FINE! happy daddy, I'm going to try to live. I smile at them in amusement as I realize that they are staring at me. They stay for a little while longer before leaving. I relax slowly against the bed and watch as my friends came in. Jiira and Kimi were silent, before Jiira spoke,"Ka-chan... I knew... that you were... trustworthy. Even though I didn't really show it. Thats why I ran at you with only a kunai, knowing that you would not have let me get hurt. I'm sorry... that you got hurt in the process though."
I nodd my eyes shined happily. Then I turn to Kimi. He stares at me. Then offers a small smile. I give him an even smaller one in return before I nodd to him as well.

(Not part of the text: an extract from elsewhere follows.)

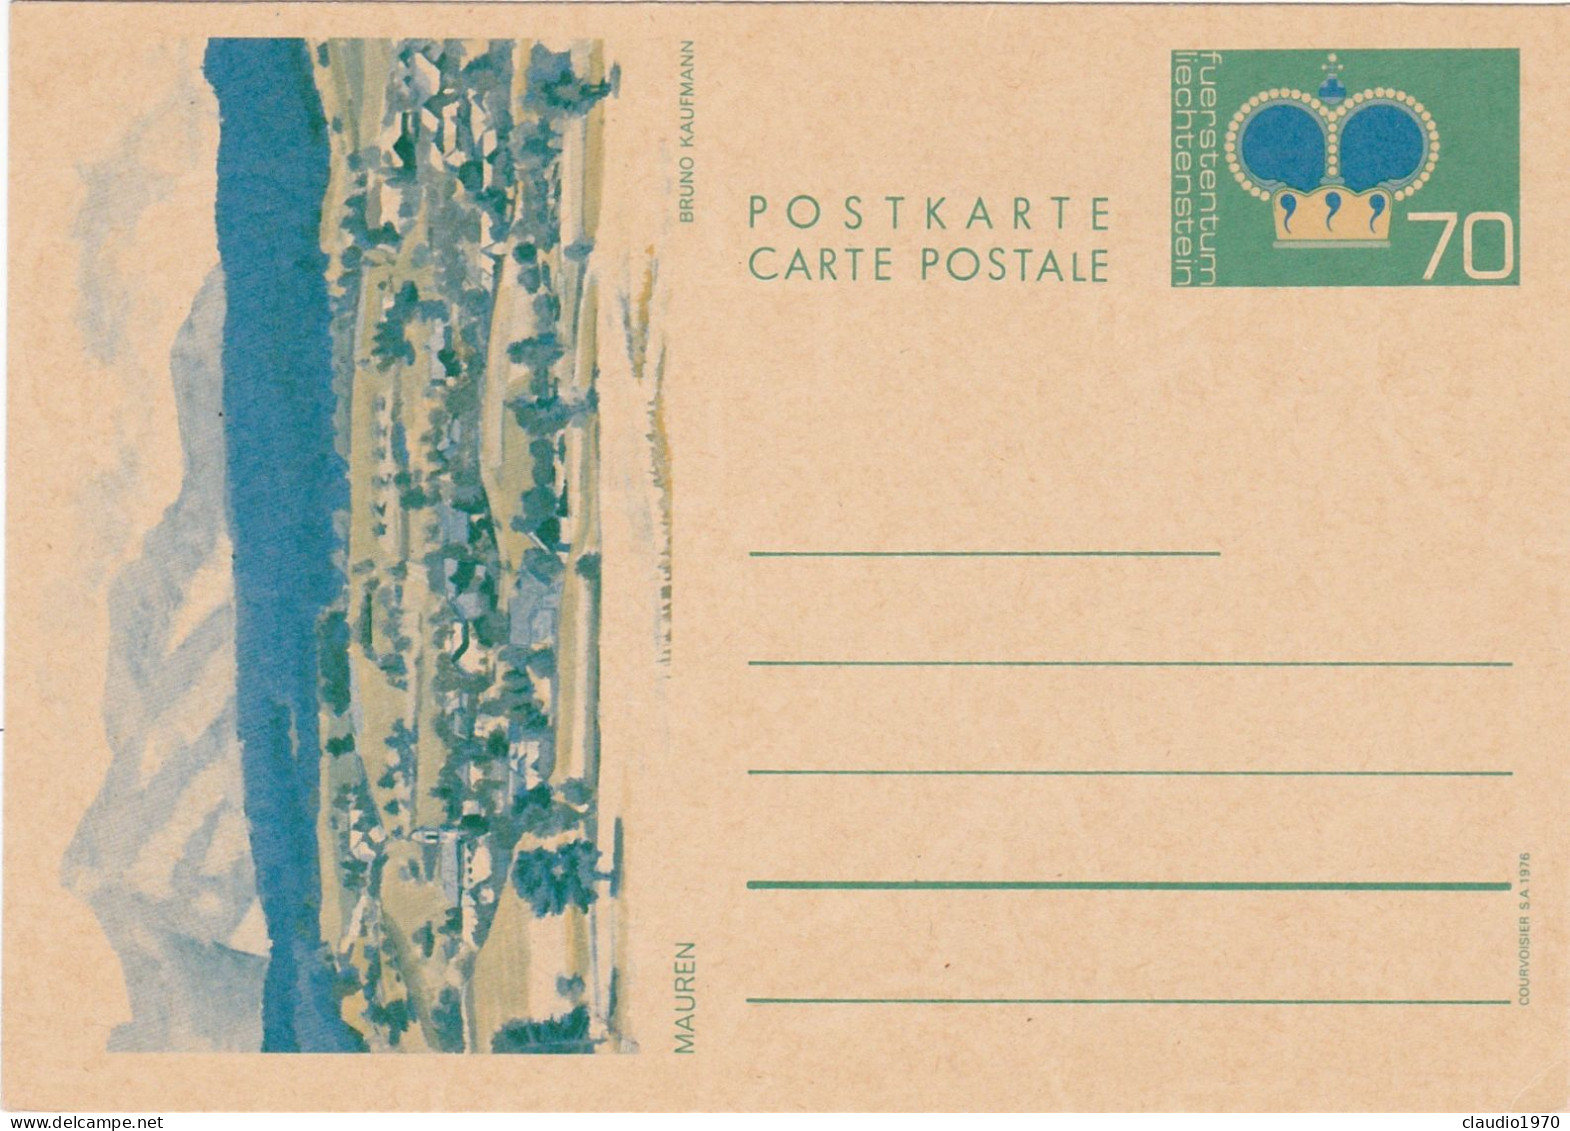 LIECHTENSTEIN - INTERO POSTALE - NUOVO - Stamped Stationery

I fall asleep. Some time later, I hear a door opening. Opening my eyes I look over and smile widely at Shikamaru. My lazy friend. "Shika-kuuuun!" I cry though I can't jump up right now. Though I do lower my voice slightly. "I wondered when you would come by to see me... mr.everything-is-too-troublesome." I say in amusement. I can tell that he sees the gratitude in my eyes. With my need for quiet... well, comfortably quiet, company.
"Wanna play Go?" he asked. I nodd. As we set up the pieces, I think silently...
The fact is... fate deals a bad hand, and is strategically genius at making that hand last a very long time.
This is my life.
AN: I"M DONE!!! YAYYYYYYY!!! I know it's short but at the moment I REALLLY DONT CARE!!! I"M DONE! OH YEAH UH HUH YEAH YEAH YEAH-YEAH!!!!!